林米自然拍手称快,忙去依言料理,即便贾琏不依,也无法留下。
林如海不觉笑道:“玉儿长大了,如此极好,我走了也好放心。”
经此一事,里里外外上上下下再不敢小瞧黛玉半分,那些远房堂族想打着林家主意的,也都打了退堂鼓。
黛玉虽然立威慑人,也因林如海的病情愈加沉寂。
虽然贾母也曾打发人来道歉,又命林之孝家的送了厚礼,黛玉也置之不理。
京中也传来了消息,虽在斗才会后宝钗赶了回去参加三月的待选,却因邱明慧与德妃有些儿远房的瓜葛,故此落选。而邱明慧则凭借着在斗才会才艺双绝,身份也是包衣,便入宫做了一个小小的女史,邱家门庭也登时热闹起来。
宝钗虽落选了,可贾府却迎来了一悲一喜。
悲的是宁国府里贾蓉之妻秦可卿死了,风光大葬;
喜的是宫里的元春竟熬到了头儿,送出了一件天大的好消息。胤褆因闲来无事,在宫中闲逛,竟偶遇了正在御花园里采花的元春。因见佳人明媚秀美,温婉端庄,与他王府中珠围翠绕的福晋侍妾相比,竟如夏日最美的一枝石榴花,不施脂粉亦丰姿端丽,不觉心动,便讨了康熙的旨意,将元春娶回王府做侧福晋去了。
贾府逢此喜事,自是喜悦非常,又命摆酒唱戏,热闹了一场。
与贾府的喜庆热闹相比,林家却迎来了秋日最冷的寒霜,桂子坠地,菊花香舞,林如海拉着黛玉的手,萧然长逝,如同秋末最后一枝桂花,落地无声。
记着父亲的谆谆嘱咐,黛玉哭得声嘶力竭,几乎昏厥了过去。
种种治丧琐事都由林青云料理,黛玉也随之大病一场,如同褪尽颜色的樱花。
腾格里其中帮衬,等到丧事一过,也告辞回漠北,飞扬黄沙。
青云将管事留下料理生意,管家则带回京城,照料黛玉,家中各处产业都登记在册,大多也都转到了京城,江南仅剩下玉珪山庄几处生意罢了,剩下的家仆忠心耿耿的依旧追随进京,想走的,林青云也都给些银钱打发走了。

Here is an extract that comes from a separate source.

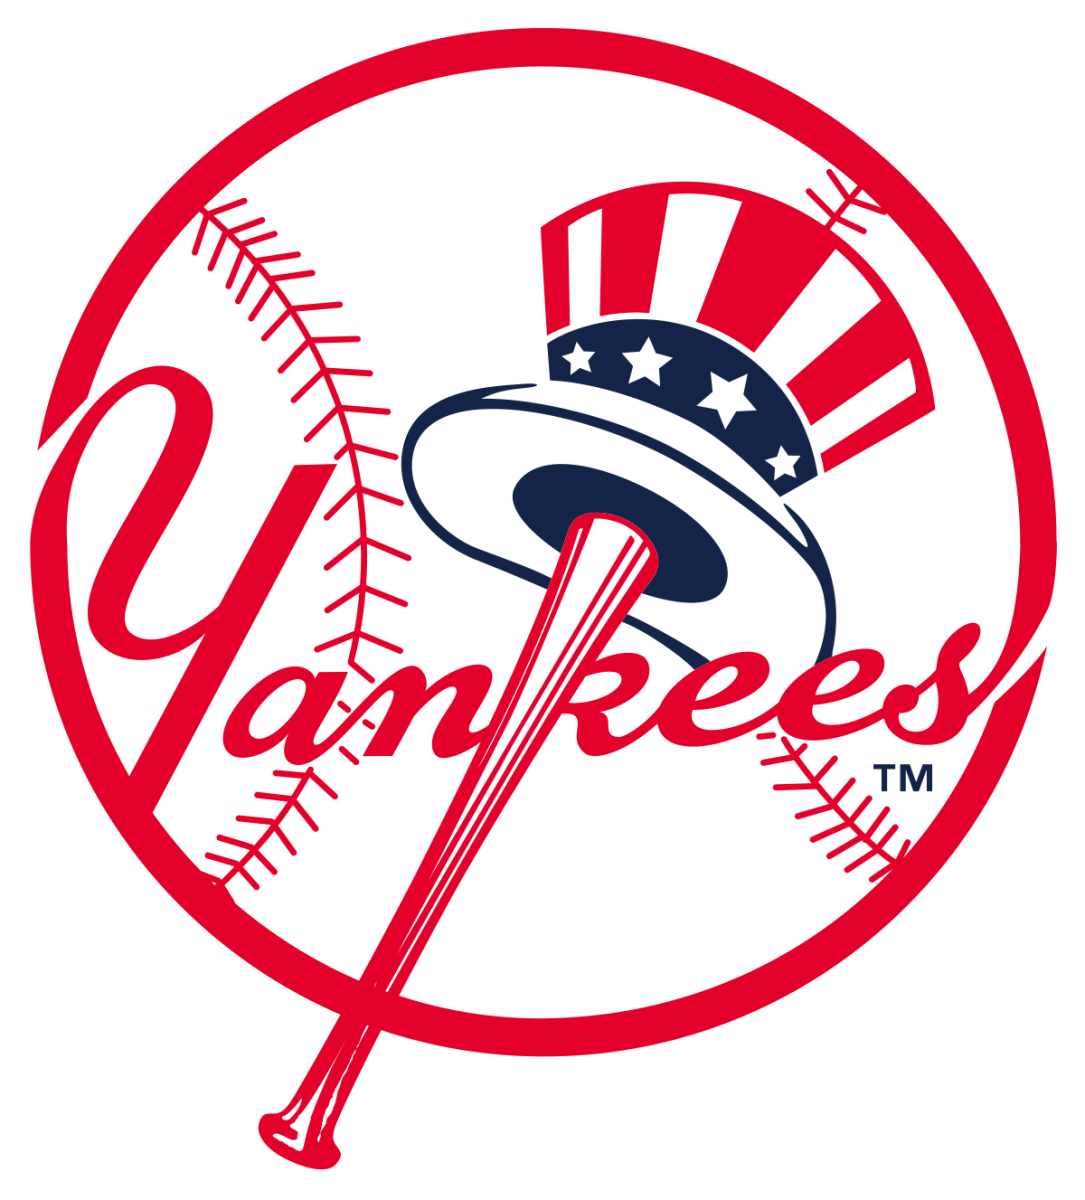 Season+in+review%3A+New+York+Yankees

黛玉泪眼迷蒙,眼看着林家上下各奔东西,心中感慨万千。虽然林家因为林如海之死而树倒猢狲散,但是终究林青云在京城中有官职,便是如今告了丁忧,闭门谢客,但也余威犹在,并没有“墙倒众人推”的事情发生。
想起林如海的嘱咐,黛玉深知林家如今已经不能在江南盘踞,最好远走江南,进京安置。好在青云现在已经告了丁忧,有哥哥陪着她,她也不至于十分寂寞。将金丸随身带着,当作一件玩物,启程前也将细软收拾妥当,预备回京。又将苏州的土仪购买了许多,带回去送给胤禛、康亲王福晋以及胤祥等人。
红笺说尽相思意
面对着贾母等人的安慰与探望,黛玉略嫌苍白的容颜有些无奈的苦笑。
一路风尘未曾洗尽,却早就有人在府中久候了。
看着他们眼里盛满的是什么?并没有忧伤或者真切的安慰,只是带着一抹觊觎,是的,是觊觎的神色。

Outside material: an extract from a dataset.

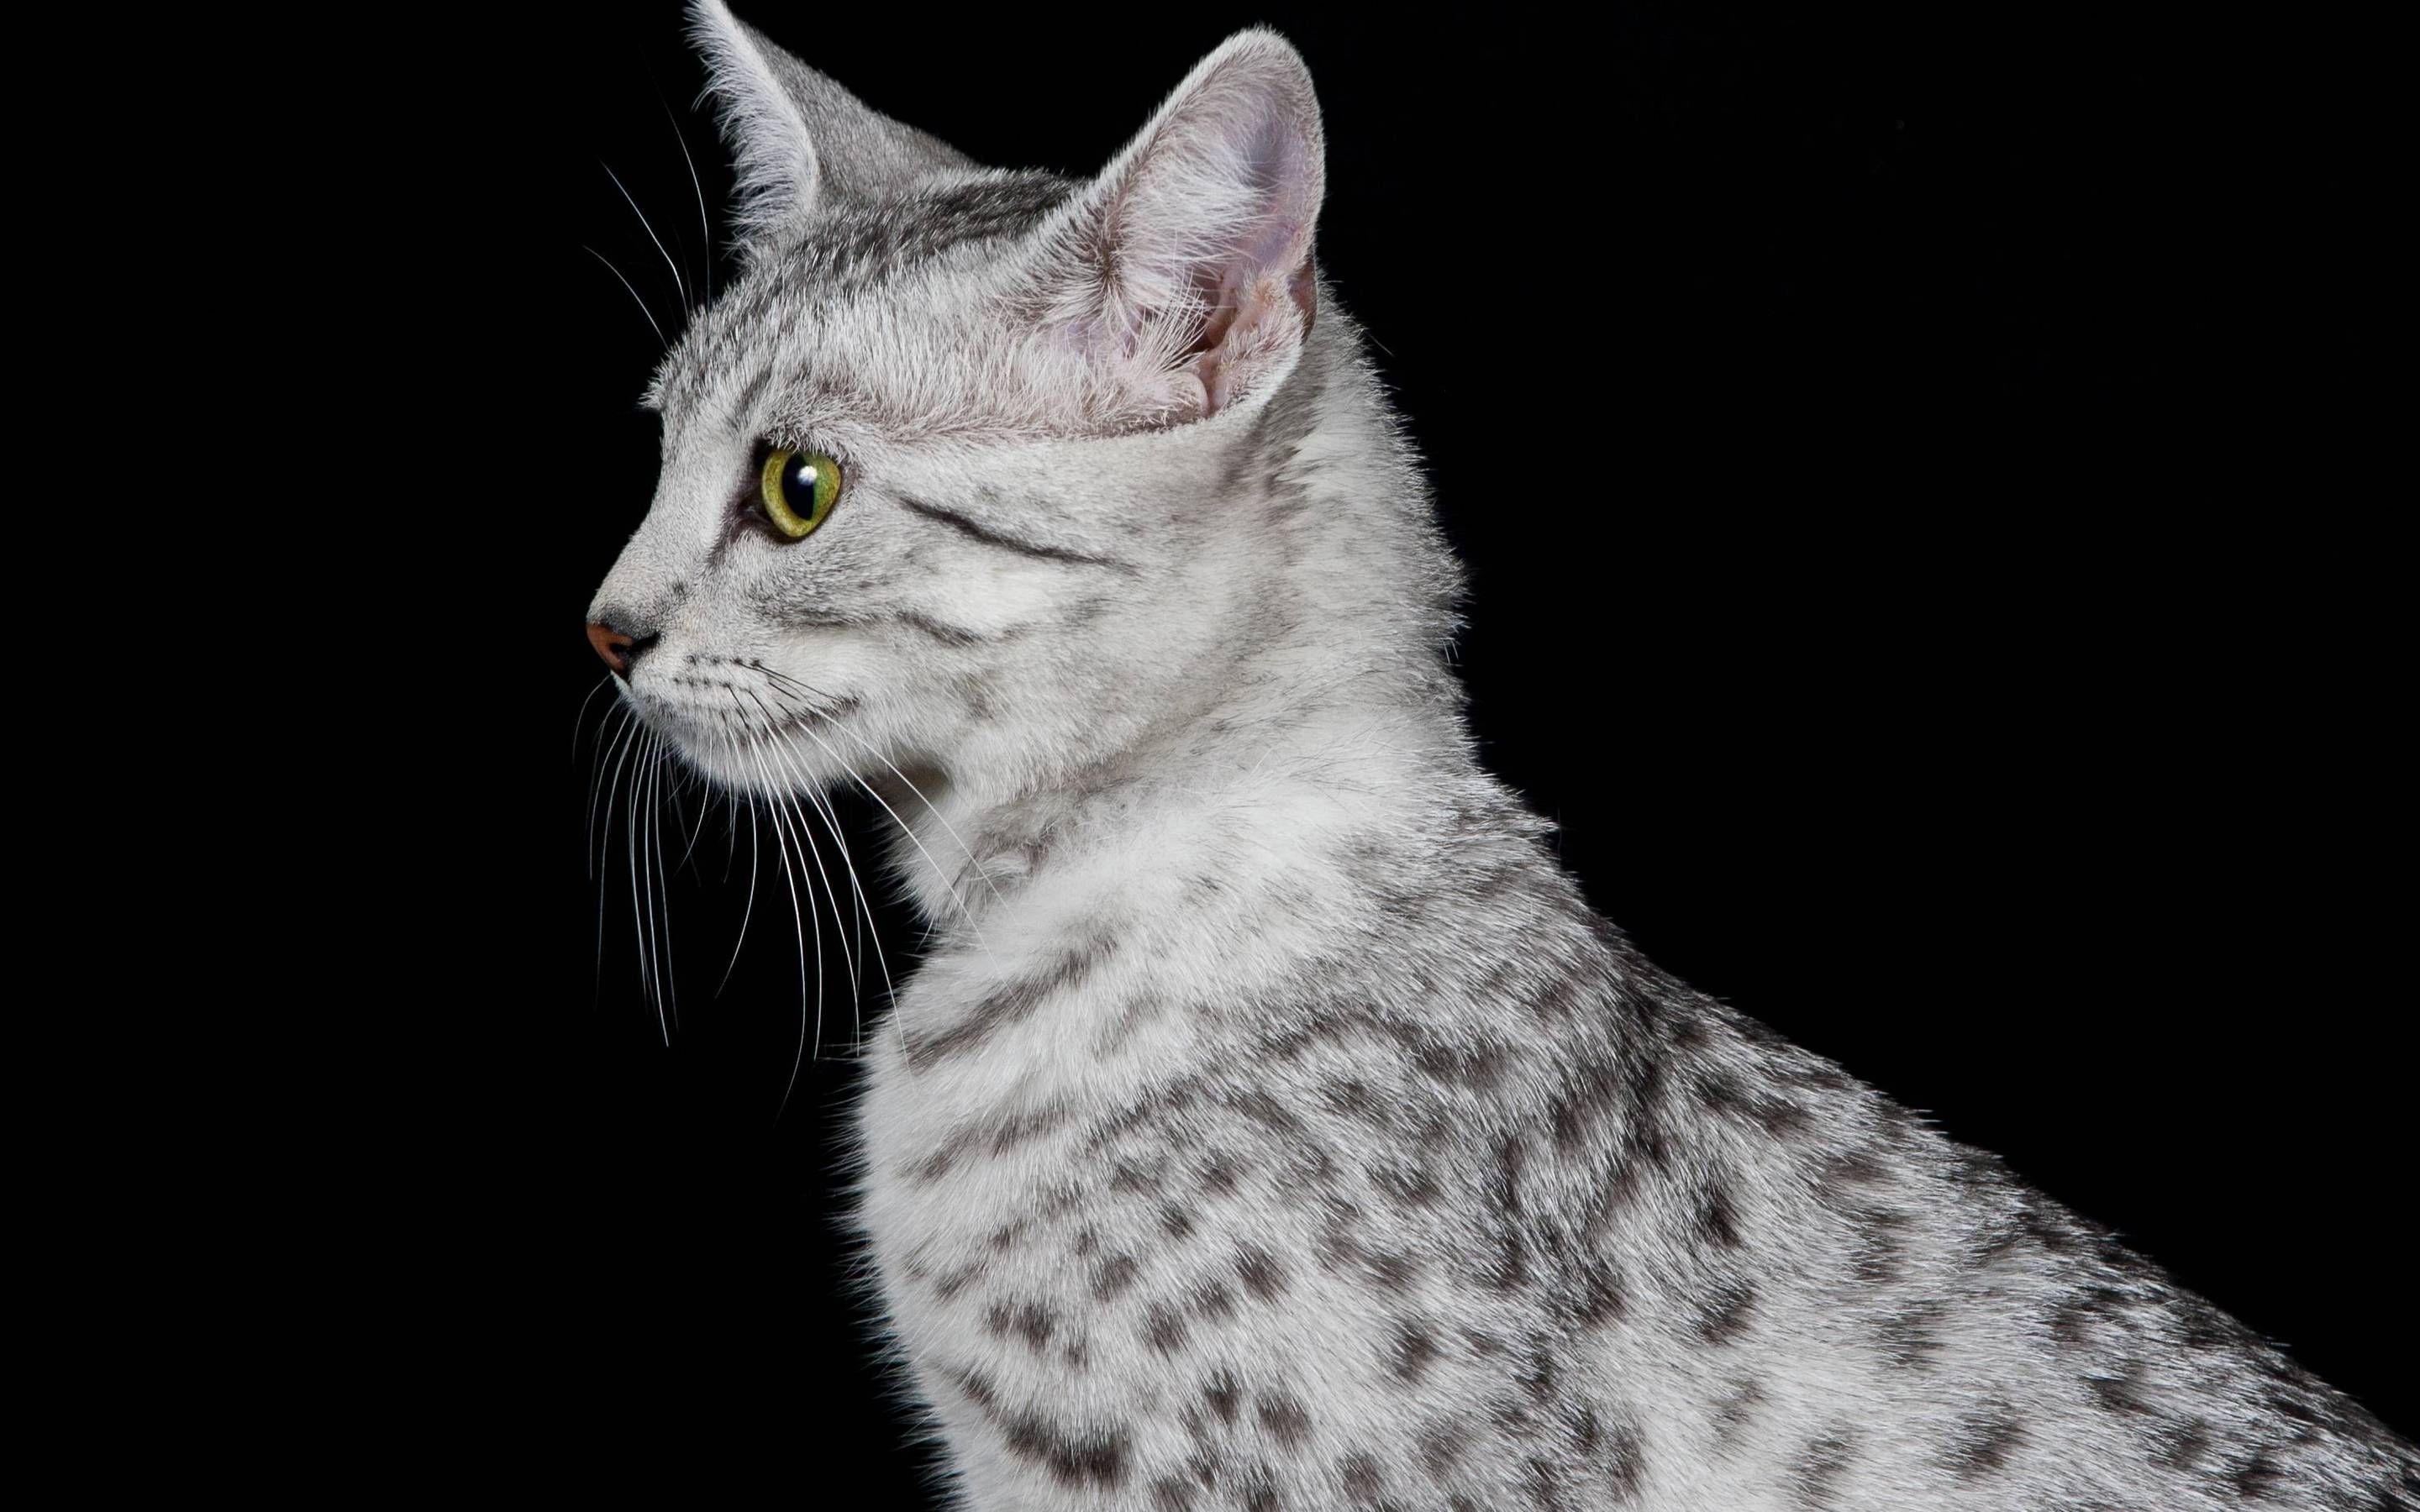 Egyptian Mau Cat Profile Look for 2880 x 1800 Retina Display resolution

元春做了侧福晋,山鸡成了金凤凰,王夫人虽然不言不语,神色却难掩喜气。
贾母也因当日里贾琏被撵了回京,心里颇为不悦,可是人家林家的门楣也不是自己所能攀比。此时眼看着黛玉虽然浑身缟素,却风流婉转,清妍淡丽,这么些时候不见,竟活脱脱一个风华绝代的旷世佳丽,不由得怜爱非常。这可是她的外孙女呢,这通身的气派与高贵,常人岂能企及?
况且她还是上三旗的贵女,这份尊贵,让她心里惦念不绝。青云虽然丁忧,可毕竟是宫中都统,若是娶了三个丫头中的一个,自然与自己更亲近了几分。宝玉心里也时时挂念着黛玉,双玉联姻,不但宝玉因黛玉之故仕途有望,就是偌大的贾府,管家的大权永远还会在自己这位老太君手里。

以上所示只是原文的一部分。